An American offer to North Korea of a security guarantee and progress in talks with Iran on its nuclear programme have lessened tensions in two key areas of nuclear proliferation.
North Korea has demanded a non-aggression pact
The moves have raised hopes that diplomacy can be a way of achieving one of the United States' policy objectives - stopping the spread of nuclear weapons.
But while for now Washington is ready to talk softly, it still carries a big stick and confrontations, especially with North Korea, cannot be ruled out.
The proposed offer of a written guarantee to the North by the United States and four regional powers - China, Russia, Japan, and South Korea - "puts the ball back into North Korea's court," according to Adam Ward, Senior Fellow for East Asian Security at the International Institute for Strategic Studies in London.
Mr Ward told BBC News Online: "The pressure had been on the United States after the Beijing talks in August to come up with an offer to pave the way to substantive negotiations.
"The maximalist position adopted by the US then - that is, telling the North that it had to give up its nuclear programme in advance - was not seen as realistic by other countries."
Bilateral pact ruled out
North Korea has been demanding a bilateral non-aggression pact with the United States but that is not on offer.

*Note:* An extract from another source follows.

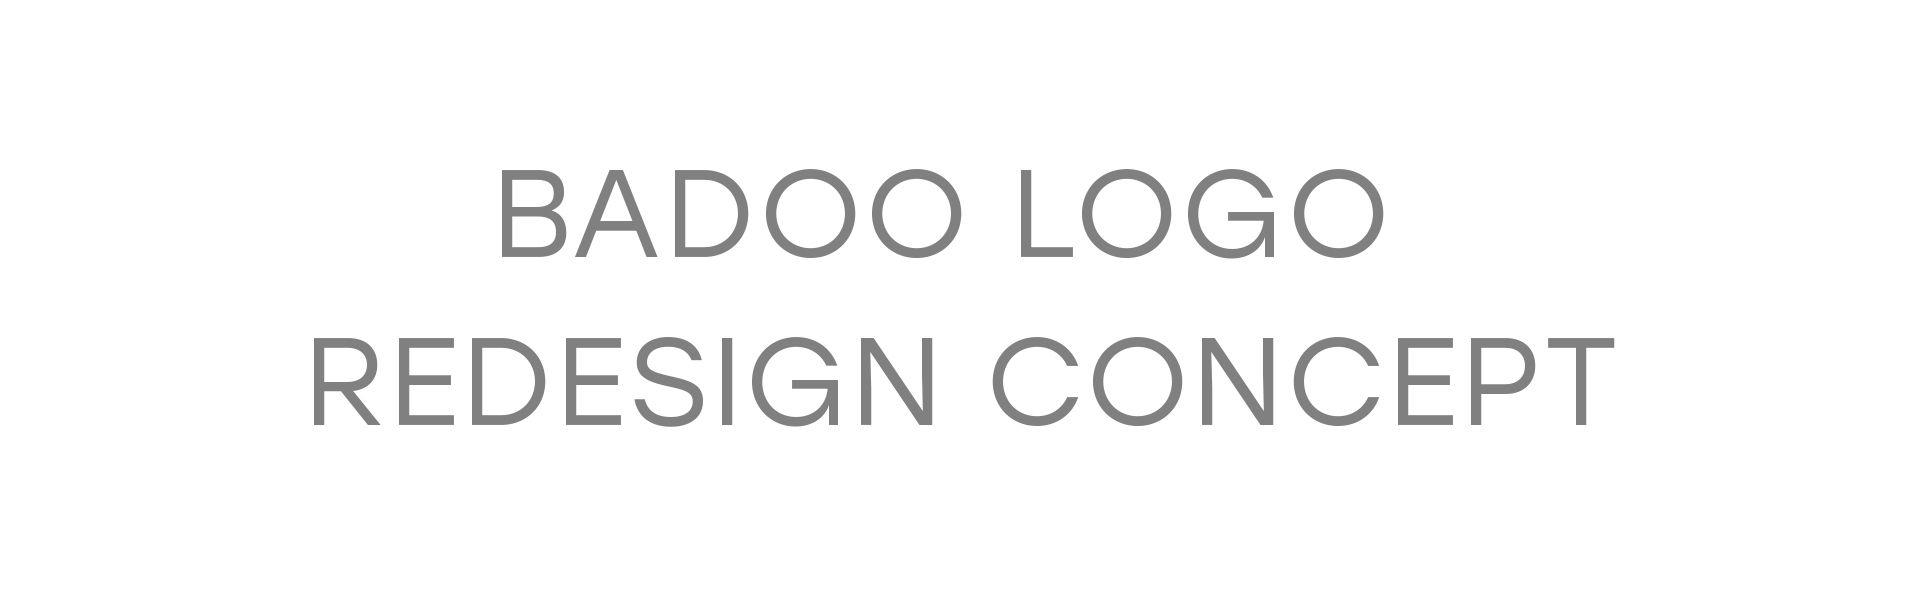 Badoo App Logo - Badoo Logo Redesign Concept

Washington has never liked such pacts ( the Eastern bloc used to demand them in the Cold War), fearing that its hands would be tied in a crisis.
In this case it also fears that the North would simply use a pact as a way of demanding more.
"North Korea might say that the US troops in South Korea violated such a pact," said Adam Ward.
In any event, it is highly unlikely that the US Senate, which has to approve all treaties, would accept one with North Korea.
Instead, a multinational guarantee is being suggested. This would try to address what are called "North Korea's legitimate security concerns."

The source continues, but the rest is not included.